Predictions are written to a new table **'public.resono_2h_pred_count'** or **'public.resono_2h_pred_level'** (depending on whether the visitor counts or crowd levels are predicted) with the following additional columns: 
- **'total_count_predicted'**/**'crowd_level_predicted'**: predicted total counts/crowd levels (for the next 8 time slots per location) 
- **'data_version'**: version of the data (feature set)
- **'model_version'**: version of the model (type and settings)
- **'predicted_at'**: timestamp of prediction (moment prediction was made)

### Preparations

Change directory to folder that contains the DB credentials/folder that contains the function files in code block below.

In [None]:
def install_packages():
    # (Re-)Installs packages.
    
    get_ipython().run_cell_magic('bash', '', 'pip install imblearn\npip install mord\npip install psycopg2-binary\npip install workalendar\npip install eli5\n pip install plotly')
    
    import pandas as pd
    pd.set_option('mode.chained_assignment', None)

In [None]:
%%capture
install_packages()

In [None]:
#pip install scikit-learn==0.24.2  # Run if sklearn error 

In [None]:
import os
import pandas as pd
os.chdir("/home/jovyan/Crowd-prediction/Credentials")
import env_az
os.chdir("/home/jovyan/gitops/central_storage_analyses/notebooks_predictions/resono_2h")
import prediction_model_helpers_bt as h  # Universal predictions
import resono_2h_predictions_bt as resono_pred  # Resono 2h model specific
#import importlib  # For when coding

### Settings

#### Arguments for functions

In [None]:
# frequency of sampling for data source to predict
freq = '15min'

In [None]:
# what period to predict for operational forecast (samples)
predict_period = 8
# how many samples in a day
n_samples_day = 96
# how many samples in a week
n_samples_week = n_samples_day*7

In [None]:
# list of column name(s) of variabe to predict (can also be "all")
#Y_names = "all" 
Y_names = ["Albert Cuyp", "De Dam West", "De Dam Oost", "Kalverstraat Noord", "Kalverstraat Zuid",
          "Vondelpark Oost 1", "Vondelpark Oost 2", "Vondelpark Oost 3", "Vondelpark West",
          "Rembrandtplein", "Leidseplein", "Nieuwmarkt", "Buikslotermeerplein",
          "Rembrandtpark", "Westerpark Centrum", "Westerpark West", "Westerpark Oost",
          "Oosterpark", "Erasmuspark", "Flevopark",
          "Park Frankendael", "Park Somerlust", "Bijlmerplein", "Waterlooplein", "Sarphatipark",
          "Rokin", "Spui", "Damrak", "Nieuwendijk"]

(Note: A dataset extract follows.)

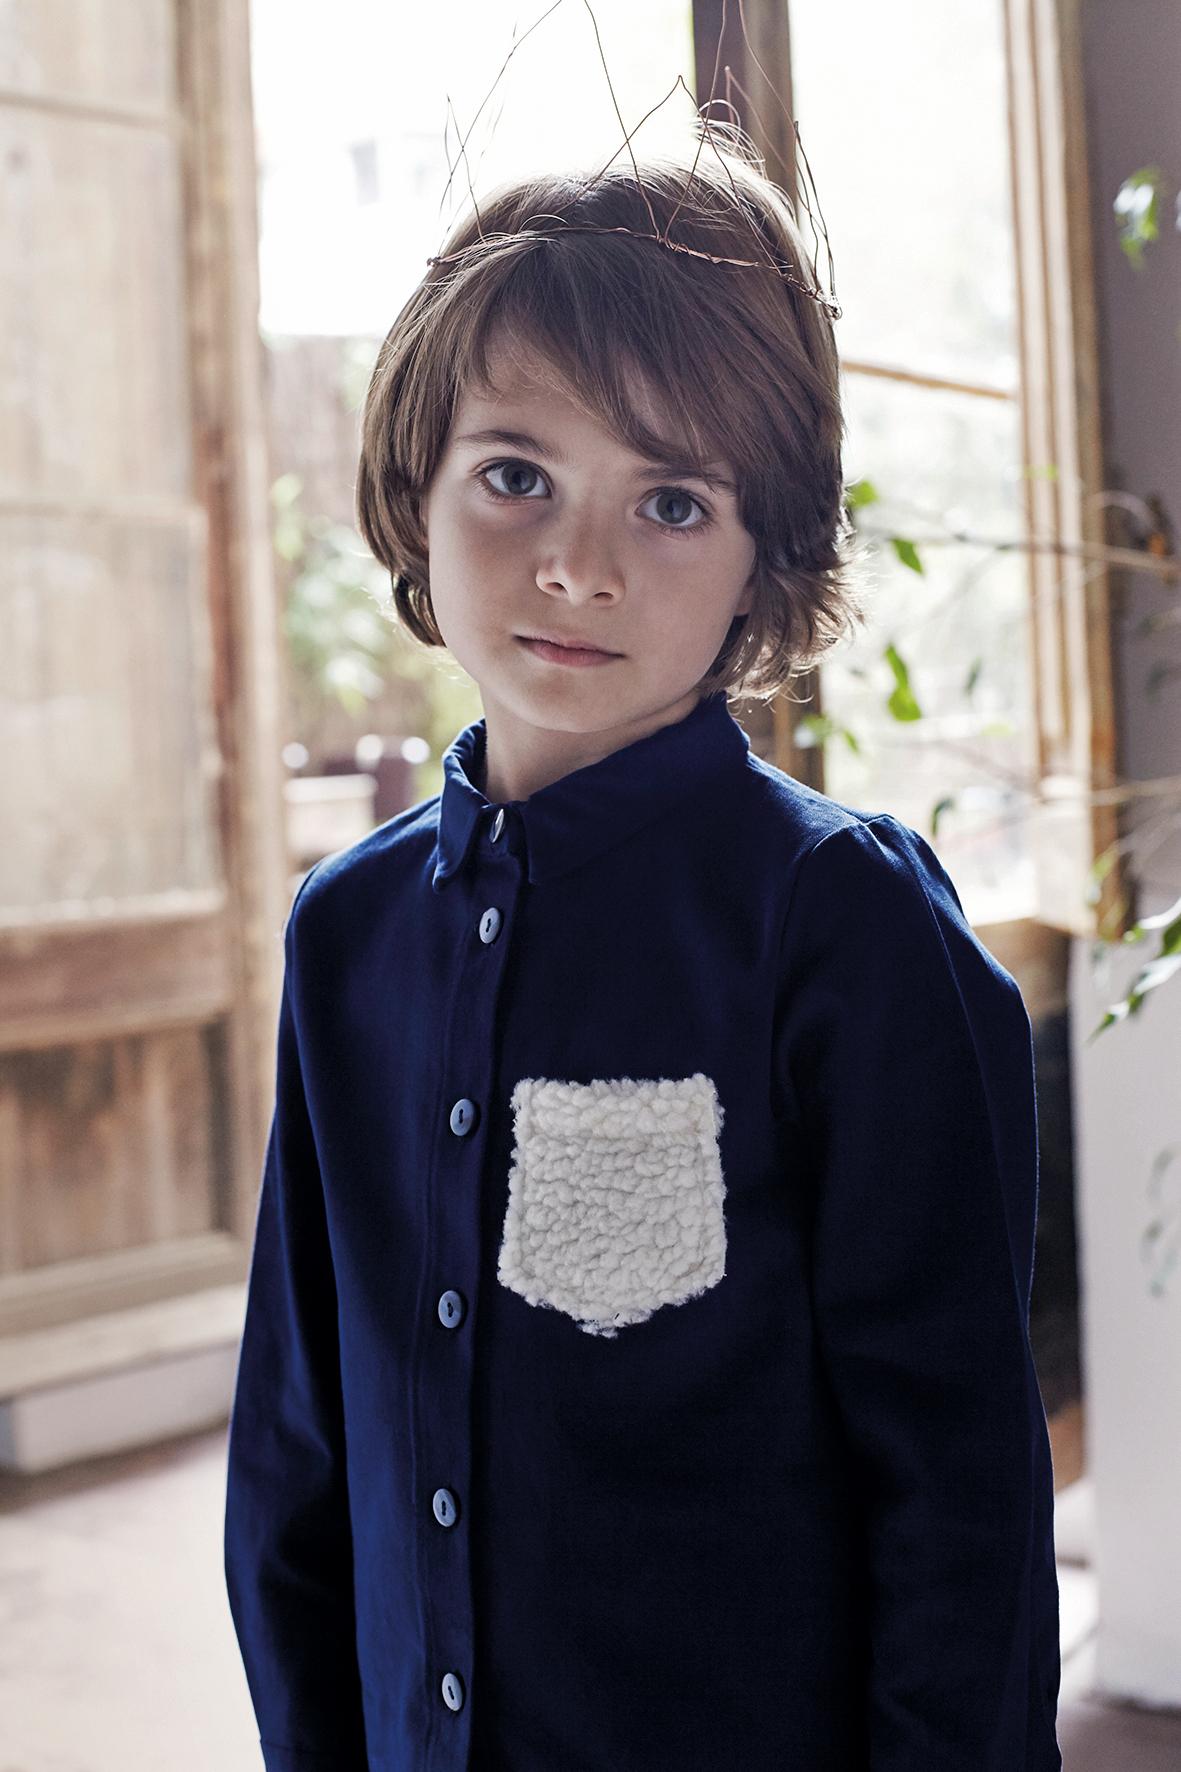 Les petits vagabonds: König der Räuber Hemd mit Brusttasche aus Teddystoff (55 €) www.lespetitsvagabonds.com
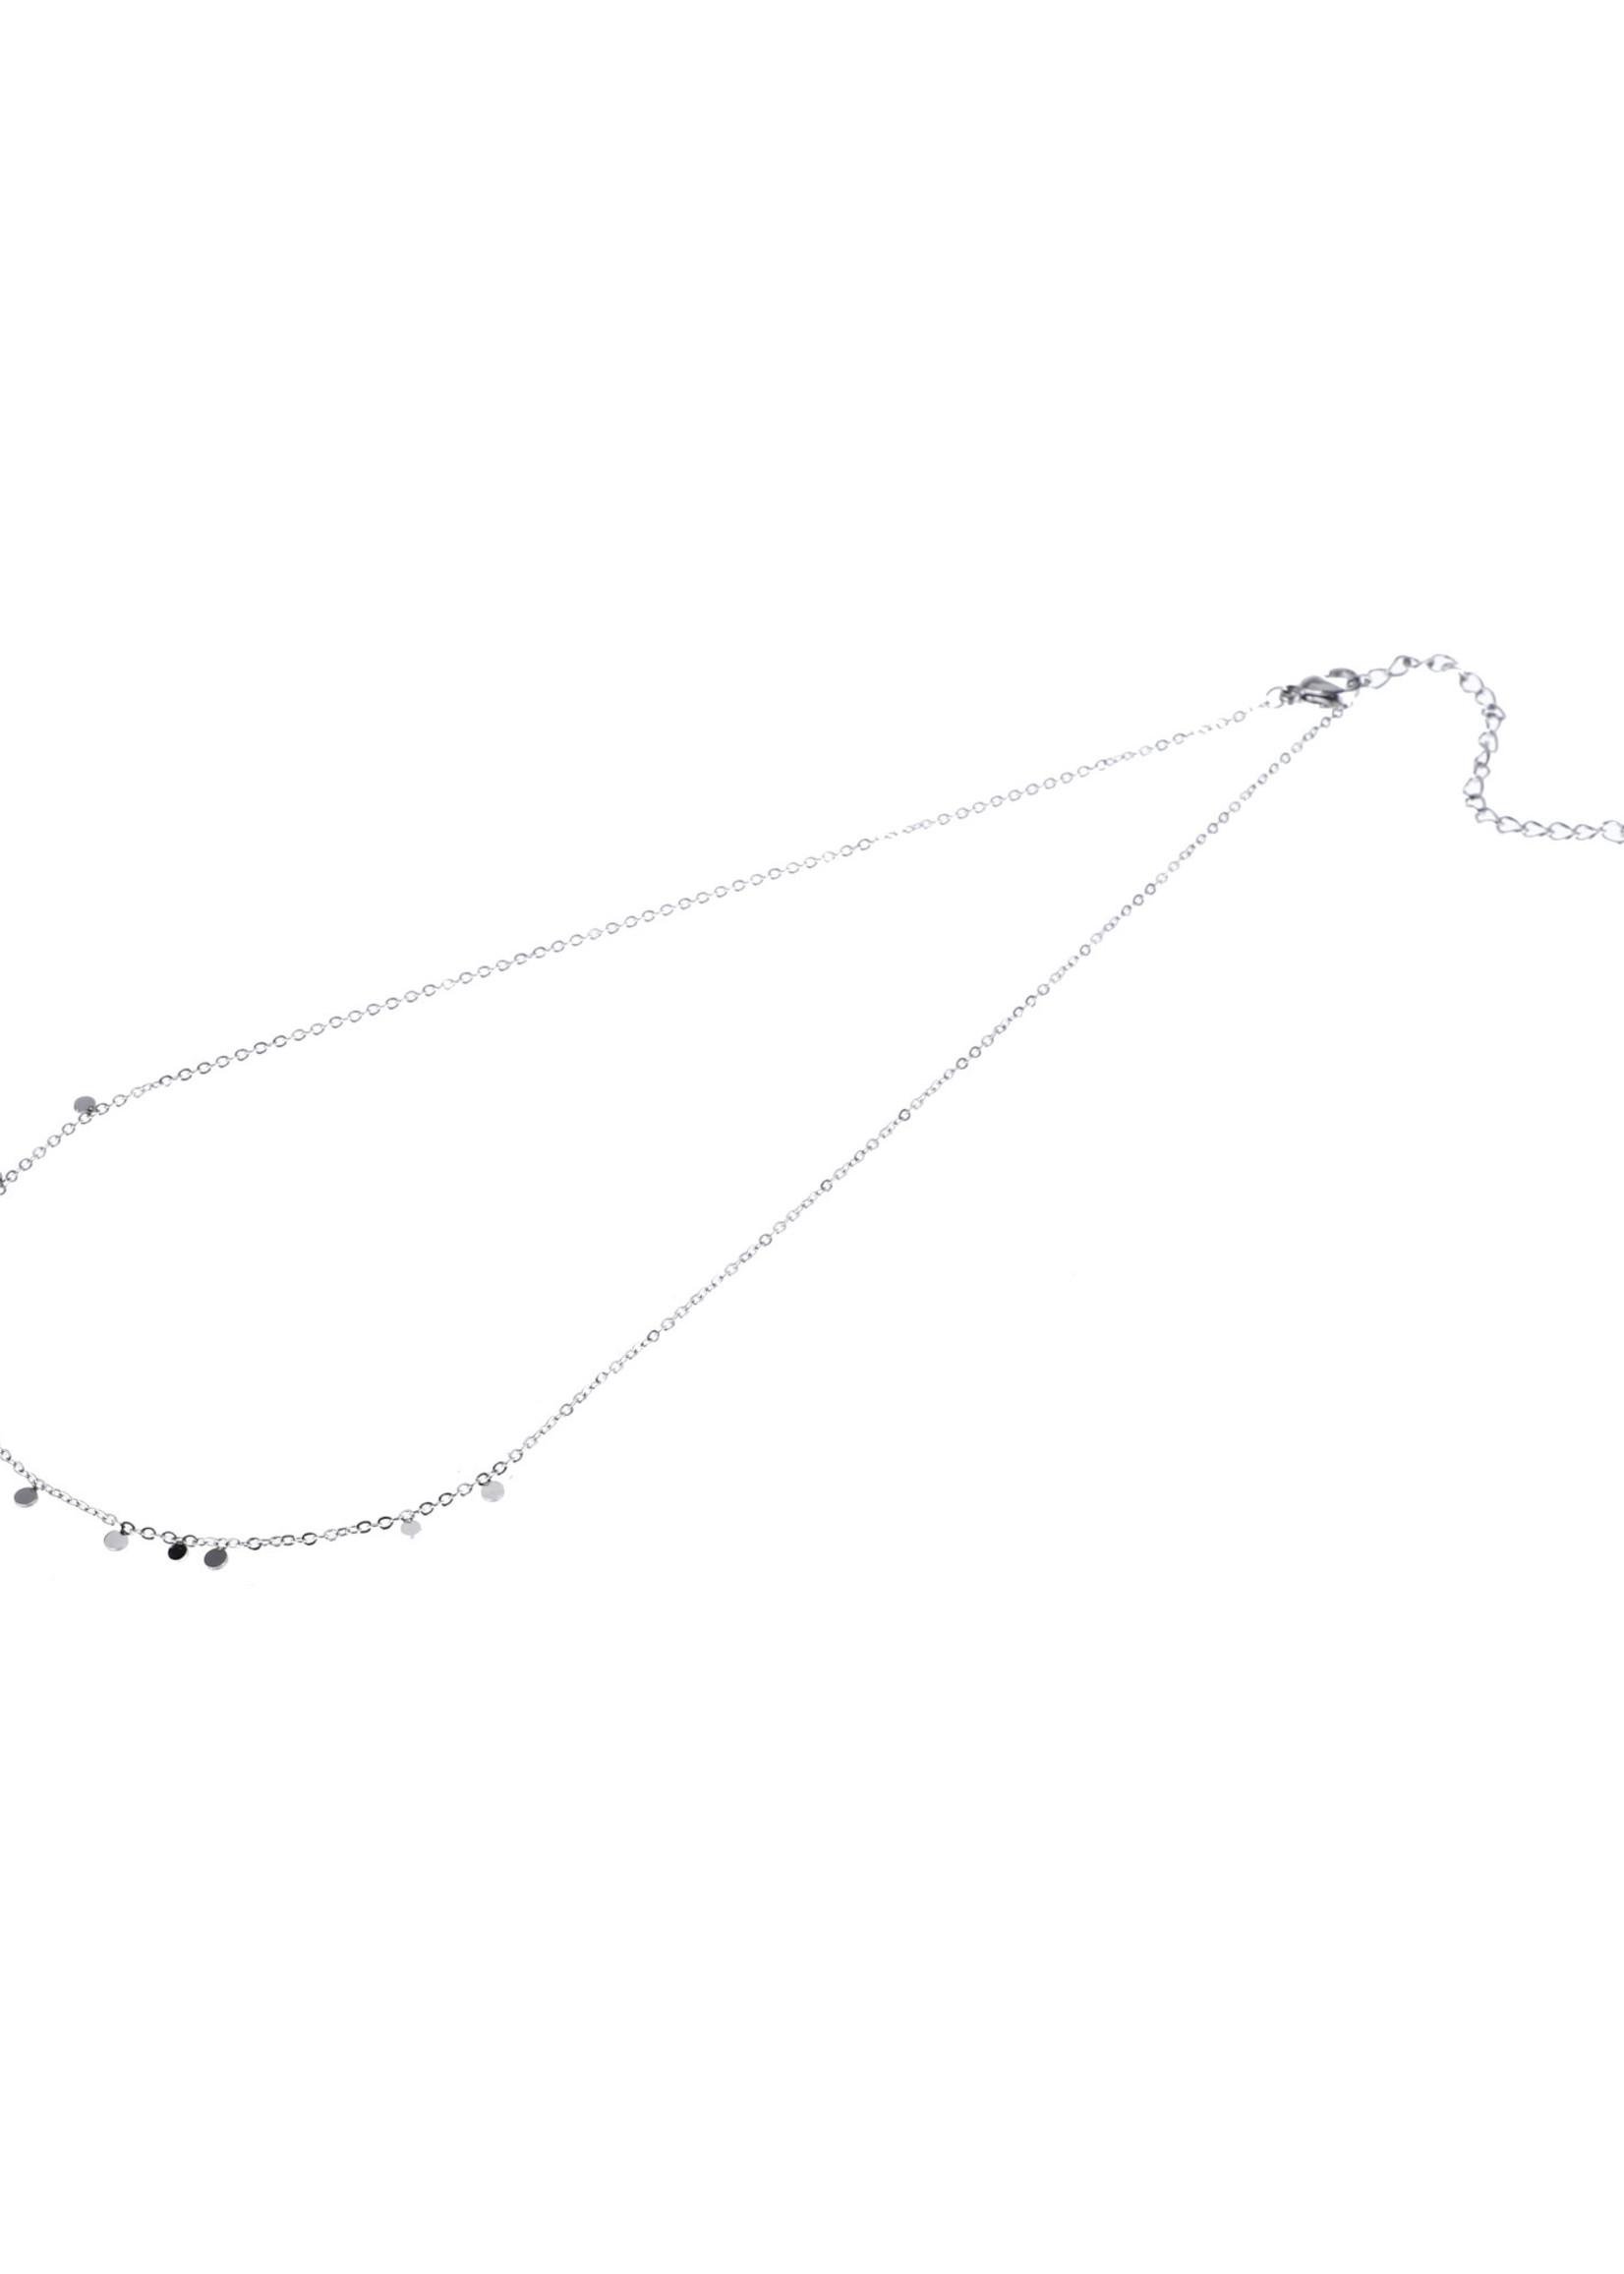 Ketting zilver kleine rondjes N9869-1

# data source (for which the predictions are made)
data_source = 'resono'

# type of prediction (count -> regression or level -> classification)
target = 'count'

In [None]:
# input for model
use_smote = True

In [None]:
# input for starting of learnset 
start_learnset = h.get_start_learnset(train_length = 8, date_str = None)

In [None]:
# perform outlier removal ("yes" or "no")
outlier_removal = "yes"

In [None]:
# set versions (for storing results)
current_model_version = 'lr_0_0'
current_data_version = "1_0" 

### Get predictions

#### 1. Prepare data sets

In [None]:
base_df, resono_df, resono_df_raw, start_prediction, end_prediction, thresholds, Y_names_all = resono_pred.prepare_data(env_az, 
                                                                                                           freq, 
                                                                                                           predict_period, 
                                                                                                           n_samples_day, 
                                                                                                           Y_names, 
                                                                                                           target,
                                                                                                           start_learnset)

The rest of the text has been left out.